Письмо Бенкендорфа не выражает, разумеется, личных взглядов шефа жандармов на литературу и журналистику, выработанных им самостоятельно. Он и не выдает их за свое личное мнение, но намеренным употреблением неопределенной формы и указанием на «повеление свыше» (ordre supérieur) прямо намекает на царя. Осведомленность последнего о письме, которое он прочел и санкционировал, несомненна: об этом свидетельствует приведенная выше помета С. Д. Шереметева. Но и Николай I едва ли занимался анализом статей «Московского телеграфа». Ключ к пониманию письма дает один из доносов на журнал, опубликованных М. И. Сухомлиновым. Донос, вероятнее всего принадлежащий, как было отмечено выше, продажному и опытному перу Фаддея Булгарина, послужил материалом для письма, а составителем его мог быть М. Я. фон Фок, отлично владевший французским эпистолярным стилем (чего не имел Бенкендорф) и выполнявший для своего шефа подобные «литературные» поручения.

В самом деле, Булгарин пишет в доносе: «Если со вниманием прочесть замеченные места в первой статье № 1, то ясно обнаружится желание издателя — дать почувствовать читателям, что письмо сие пишется Николаю Тургеневу под вымышленными буквами, явный ропот противу притеснения просвещения, которое называют запретною розою, и сожаление о погибших друзьях, на странице 9, было всеми понято и доставило большой ход журналу. В статье все жалуются на два последние года, т. е. 1825 и 1826 — время отлучки Тургенева и ссылки бунтовщиков. Всё так ясно изъяснено, что не требует пояснений».6

Есть основания думать, что Вяземский получил возможность ознакомиться с доносом. По крайней мере в написанной в конце 1828 — начале 1829 года «Записке о князе Вяземском, им самим составленной», напечатанной впоследствии в полном собрании его сочинений под заглавием «Моя исповедь», есть прямое указание на донос Булгарина: «В мнениях своих, — писал Вяземский, — бывал я неумерен и заносчив за себя, но везде, где только имел случай, старался всегда умерять невоздержность других. Ссылаюсь на письма мои, которые так часто бывали в руках правительства. Сюда идет также опровержение донесения, или просто лживого доноса, представленного нынешнему правительству, о каком-то моем тайном, злонамеренном участии или более — направлении в издании Телеграфа».7 «Опровержение» Вяземского нам неизвестно. Но ответом на него является публикуемое письмо Бенкендорфа, на что указывают первые слова его («Вы хотели знать мое мнение о Телеграфе»).

423

Рассмотрим по порядку, на какие намеки и иносказания в статье «Московского телеграфа» указывал доносчик, а за ним Бенкендорф. Статья «Взгляд на русскую литературу 1825 и 1826 гг. (Письмо в Нью-Йорк к С. Д. П.8)» принадлежала Н. А. Полевому;9 вставка в нее о погибших друзьях, а также ссылка на перевод Пушкина изречения Саади сделана была П. А. Вяземским.10 Н. А. Полевой писал:

«Мне выпало: писать к тебе о русской литературе, и признаюсь: выпал жребий не легкий!

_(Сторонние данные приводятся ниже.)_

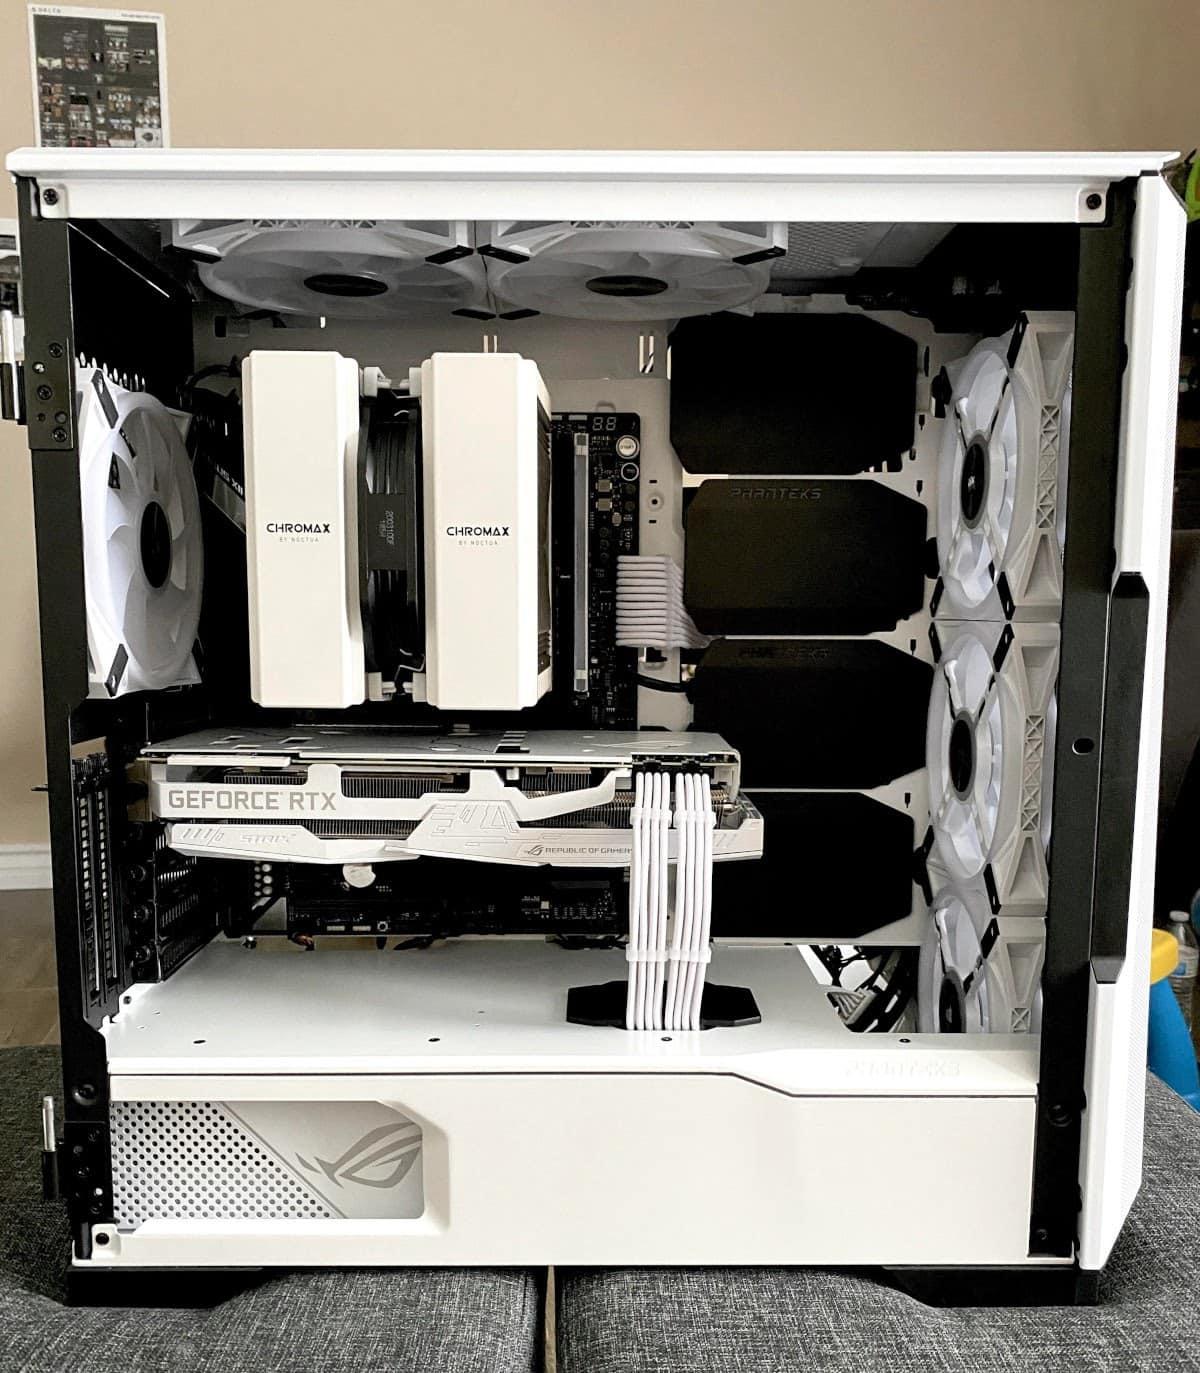 Phanteks P500A build example

«Оно кажется сначала и не так тяжело: со времени двухлетней отлучки твоей, с тех пор, как ты сам перестал быть внимательным наблюдателем литературы отечественной, участь ее мало переменилась. Эта запретная роза остается по-прежнему запретною: соловьи свищут около нее, но, кажется, не хотят и не смеют влюбиться постоянно и только рои пчел и шмелей высасывают мед из цветочка, который ни вянет, ни цветет, а остается так, в каком-то грустном, томительном состоянии».11

Сравнение русской литературы с «запретной розой» было в тот момент очень злободневным. В нем был всем понятный намек на стихотворение Вяземского «Запретная роза», помещенное незадолго до этого в «Московском телеграфе» 1826 года.12 Смысл стихотворения, известный многим современникам, был позднее утрачен и лишь недавно расшифрован М. А. Цявловским, который обнаружил, что оно посвящено неудачному браку Елизаветы Петровны Киндяковой с И. А. Лобановым-Ростовским.13 Муж Киндяковой оказался евнухом и садистом, и в 1828 году святейший

424

Синод расторг их брак.14 Конечно, и Булгарин, писавший донос, и Бенкендорф, и Николай I отлично были осведомлены, кому было посвящено стихотворение Вяземского. В этих условиях сравнение русской литературы с запретной розой, а русского правительства со шмелем, т. е. с садистом и импотентом Лобановым-Ростовским, было дерзким иносказанием, смысл которого был ясен правительству.

Не менее вызывающим был намек на декабристов, сделанный Вяземским: «В эти два года много пролетело и исчезло тех резвых мечтаний, которые веселили нас в былое время... Смотрю на круг друзей наших, прежде оживленный, веселый и часто (думая о тебе) с грустью повторяю слова Сади (или Пушкина, который нам передал слова Сади): Одних уж нет, другие странствуют далеко!».15

Вяземский частично цитирует эпиграф Пушкина к «Бахчисарайскому фонтану», текст которого гласит:

«Многие, так же как и я, посещали сей фонтан; но иных уже нет, другие странствуют далече. Сади».16

Приноровление этого эпиграфа Пушкина к воспоминанию о судьбе декабристов, указанное в доносе Булгарина, не могло не вывести из себя Николая I и его исполнителей — Бенкендорфа и фон Фока, что и отразилось в письме к Вяземскому, где в строках о пушкинском переводе Саади чувствуется раздражение и вместе угроза.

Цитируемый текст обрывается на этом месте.